American politician and businessman (1854 - 1910)

Cord Meyer II (October 9, 1854 – October 14, 1910) was an American businessman and politician from New York.

== Life ==
Meyer was born on October 9, 1854 in Newtown, New York, the son of Cord Meyer Sr. and Catharine Benson. His father was a German immigrant from Hanover who founded the sugar refining firm Dick & Meyer.

Meyer went to the City College of New York under Professor Doremus. In 1874, he left the university at his father's request to begin his business career. He initially worked for the Acme Fertilizer Company and quickly moved his way up into an executive position in the company. He then cooperated with his father's sugar refining firm and formed Wall Street connections through the brokerage house C. L. Rathborne & Company. After his father died in 1891, he purchased a large tract of land and developed it into a residential neighborhood called Elmhurst. He developed the neighborhood through the Cord Meyer Company, which he created and would later be taken over by his sons Charles G., J. Edward, and George C., with his brother Christian M. as its president. In order to provide Elmhurst with water, he founded the Citizens' Water Supply Company of Newtown, with his brother and sons in later put charge of the company until it was acquired by New York City in 1922. In 1904, he began developing Forest Hills through the Cord Meyer Development Company, with his son George serving as its manager from the beginning.

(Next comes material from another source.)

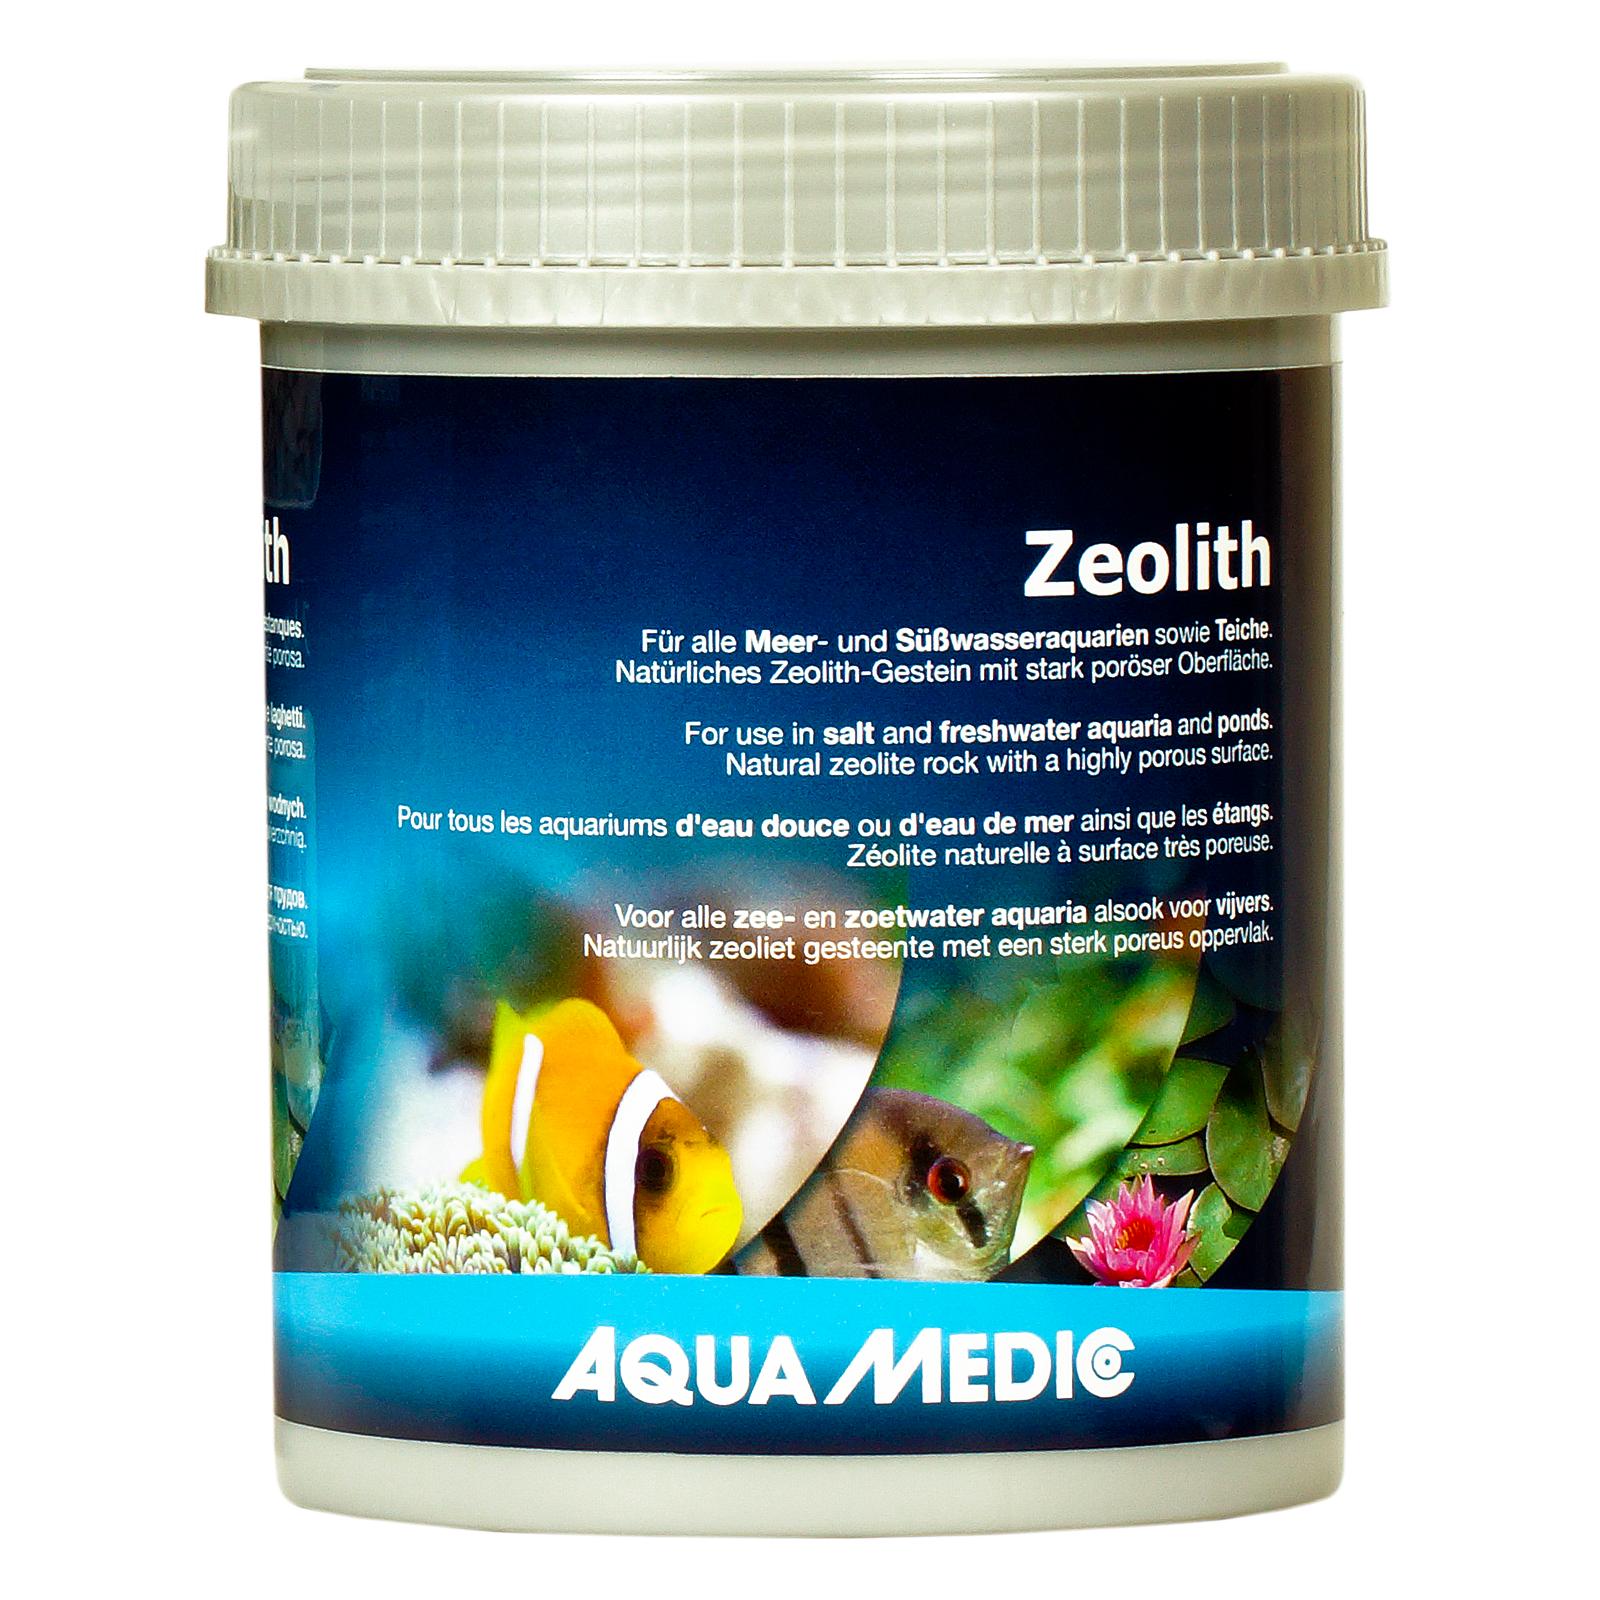 AQUA MEDIC Zeolith 900 gr. 10 - 25 mm zéolite à surface ultra-poreurse pour eau douce, eau de mer et bassin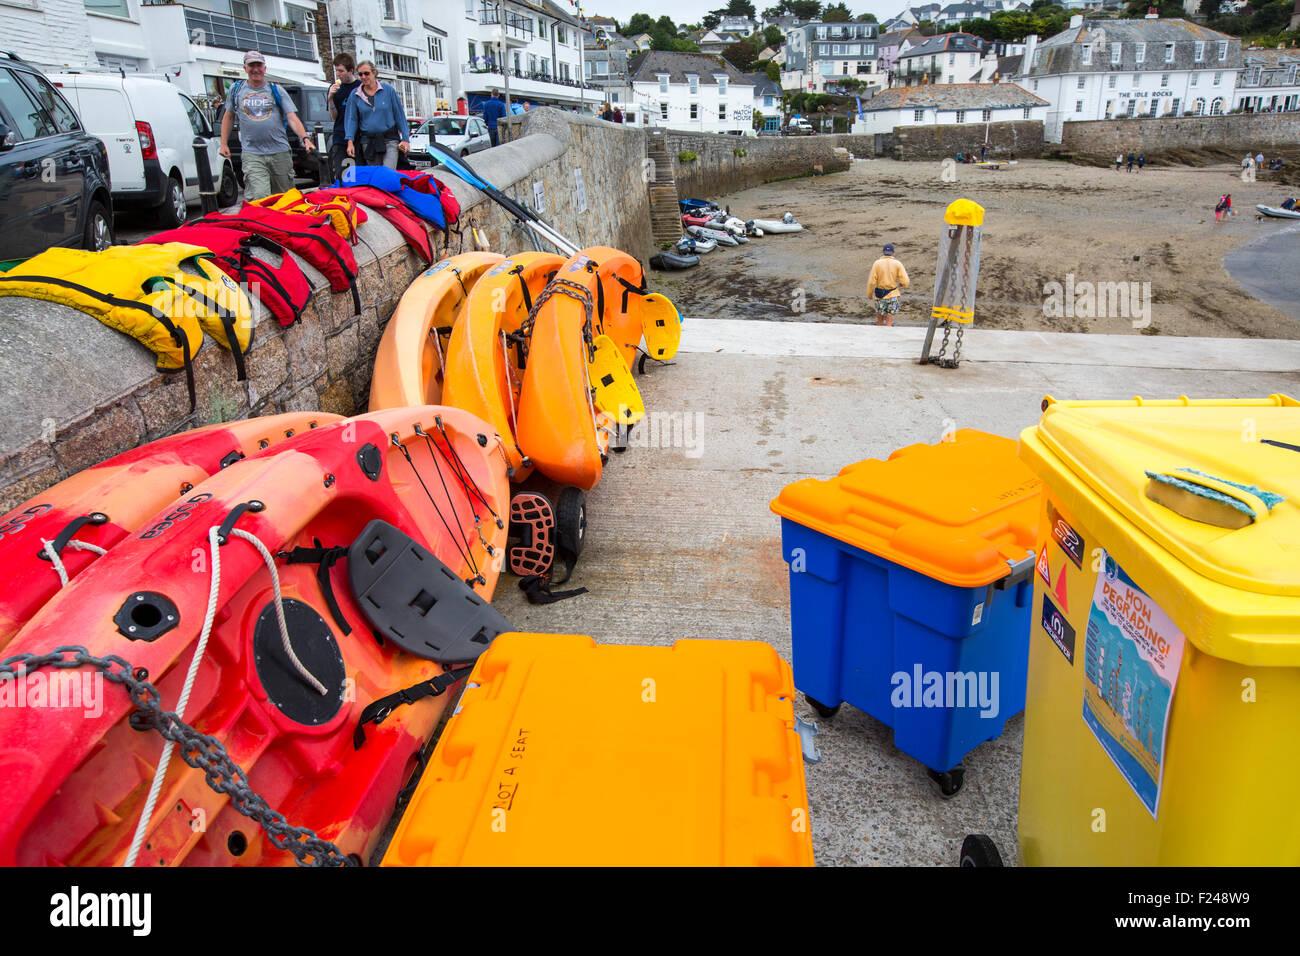 Sitzen Sie auf Kajaks zu mieten in St. Mawes, Cornwall, UK. Stockbild

Meyer was also a leading figure in the Continental National Bank, and upon its merger with the Hanover National Bank he sat on its board of directors. He also played an active part as a director in the merging of the Colonial Trust Company and the Trust Company of America. During the Panic of 1907, he participated in the conference at J. P. Morgan's library. For many years, he was a member of the executive committee of the Home Insurance Company together with Cornelius N. Bliss and Elbridge G. Snow. He was an organizer or executive officer of the Cord Meyer Company, the Acme Fertilizer Company, Dick & Meyer Sugar Refineries, the Cord Meyer Development Company, the Lake Charles Rice Milling Company, the Trust Company of America (later merged into the Equitable Trust Company), the Colonial Safe Deposit Company, the Newtown Railway, and the Maspeth Development Company. He was also a director or trustee of the Tennessee Coal and Iron Company (later part of the United States Steel Corporation), the Atlanta & Birmingham Railroad Company, the Kings County Trust Company, the Western New York and Pennsylvania Traction Company, St. Paul's Mining Company, the Lanyon Zinc Company, the American Agricultural and Chemical Company, the Hanover National Bank, and the Trust Company of America.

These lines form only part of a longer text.